Consider different options

  • Technical solutions to make it easier to interface to social networking RSS feeds etc.
  • Getting scientists to communicate more and getting that information out (esp. to Grid Republic)
  • Getting volunteers/ students to help make advertising, information about projects
  • Getting professional PR help and/or collaborating on a higher plane with WCG

WCG will have their marketing colleagues study the potential for digital influence and win back using social networking and related media – will report on this next year

Some debate about whether to make BOINC itself the social platform (FaceBOINC). Divided views on this, and it seems that this is what GridRepublic? is trying to do anyway.

John of Ireland felt that some of the improvements to support team communication had not really paid off as expected. Noted that only about 3% of users use forums. Can social networking really help to make volunteers stickier?

Some ideas include:

  • Get professionals to comment on websites and videos used to promote BOINC projects.
  • Get scientists to engage more in forums, and also have regular Q&A sessions.
    • Make it easier for scientists to edit information
    • Make system for RSS feeds focused on the science
    • NB WCG redesigning their website to focus on scientific results
  • Hire a full-time communications officer for BOINC projects?
  • Make competitions amongst volunteers to make the best website
  • Give users credit for bringing in more users
  • Icons/badges seem to be very effective (WCG experience)
  • Develop tools so BOINC projects can be used easily by educators (high school).
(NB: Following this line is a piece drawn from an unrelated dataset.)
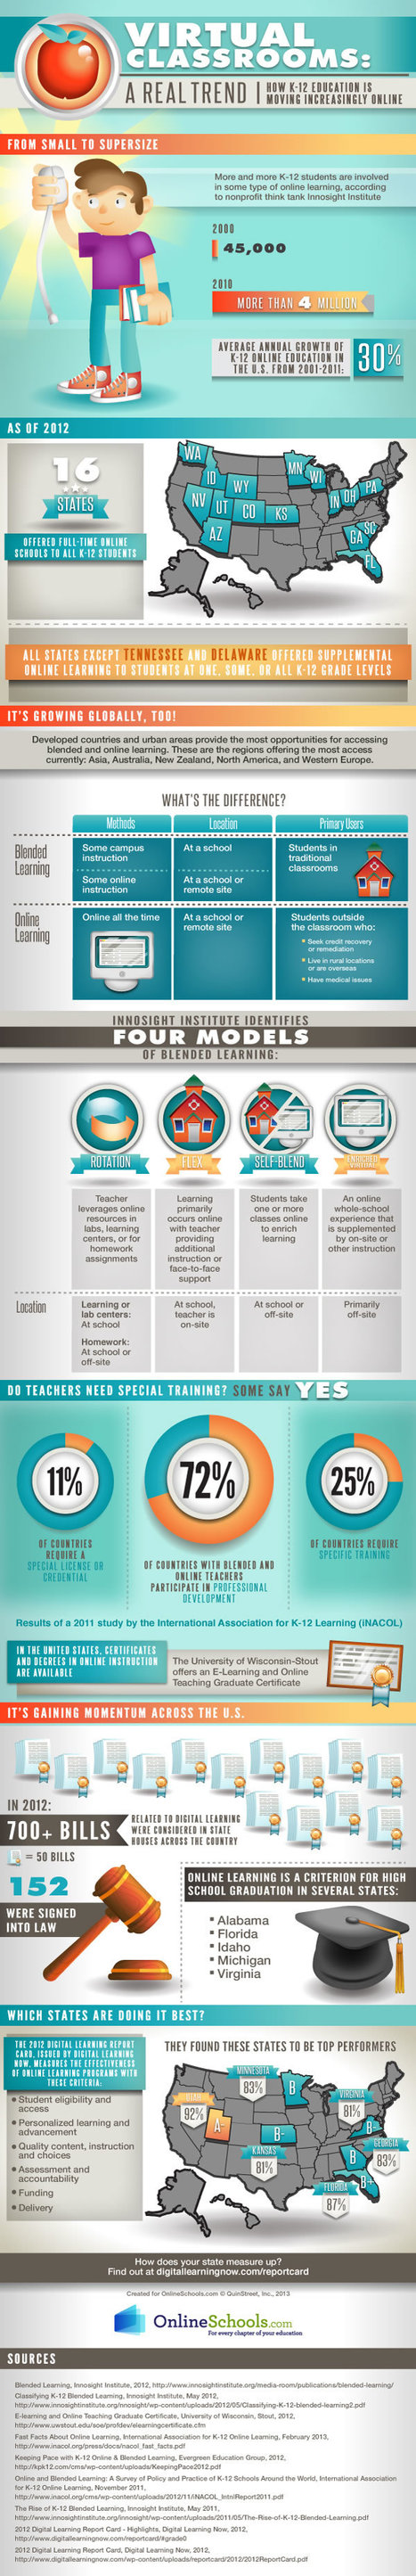 The Teacher's Quick Guide To Blended Learning [Infographic] | Pedalogica: educación y TIC | Scoop.it
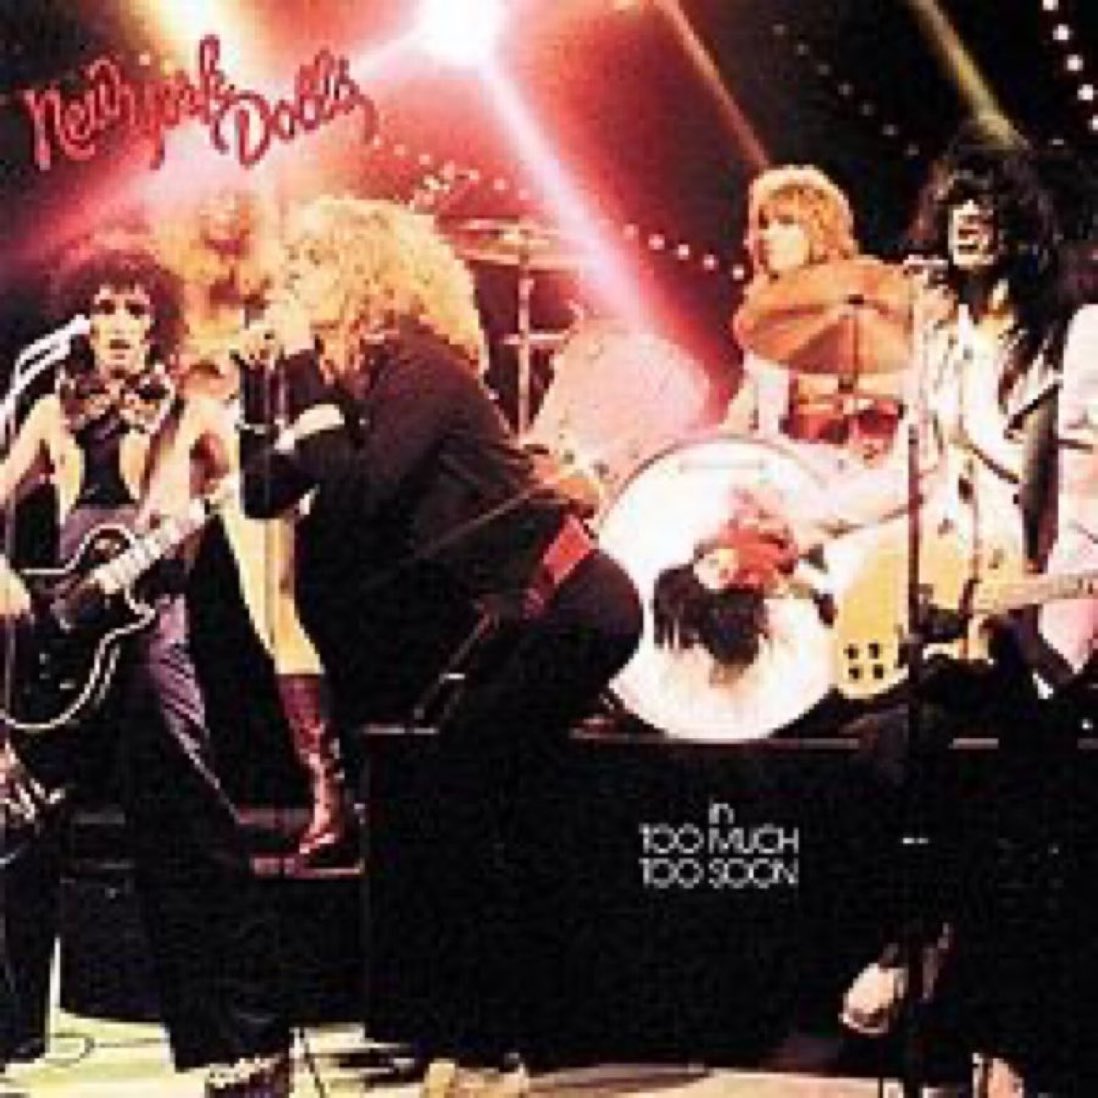 On May 10, 1974, the New York Dolls released their second studio album “Too Much Too Soon”. #NewYorkDolls

Volunteer thinking and education

There was discussion about BOLT being used for education, for example, modules for high-school teachers that use BOINC project science. David emphasized that BOLT is not designed for this. “ BOLT is just a framework for showing web stuff and seeing how useful it is for education.” But there was agreement that it could be useful to have a mechanism to generate useful educational material - funding sources like this!

Discussion of what to call volunteer thinking:

  • Distributed thinking
  • Thinking cloud
  • BrainBOINC

What are the possibilities of volunteer thinking – and BOSSA?

People would like to know what it costs to integrate BOLT with BOINC projects.

  • How much manpower is required?

David was concerned that Bossa needed more real world apps to develop

BOSSA for UNOSAT –huge opportunities

Language recognition

Comparing languages

Saving old languages

Translating lectures

Another idea could be to approach existing VC projects like Herbaria@home

Or develop mobile phone version for killer app

…to be continued!

Virtual machines for BOINC apps

Mostly we talked about two approaches:

  • A "inner" BOINC client (or some other queueing system client) runs in the VM. The outer BOINC client views it as a single (potentially infinite) job, and doesn't know anything about files etc. This approach will be important at CERN, where they need to run the PANDA queueing system to get people to use it.
  • The (outer) BOINC client knows about jobs, input/output files etc. Only the app runs in the VM.

Each approach has some requirements and issues. In the 1st approach we need to pass account ID, user prefs, etc. into the VM. In the 2nd approach we need be able to move files to and from the VM (according to Reinhard, Virtual Box provides this capability). It wasn't clear how to do screensaver graphics in either approach.

VMWare provides a rich API (web service) with features like suspend, resume, and checkpoint.

We agreed that app versions should have info (plan_class?) saying which VM player is needed, and that the BOINC client should detect VM players.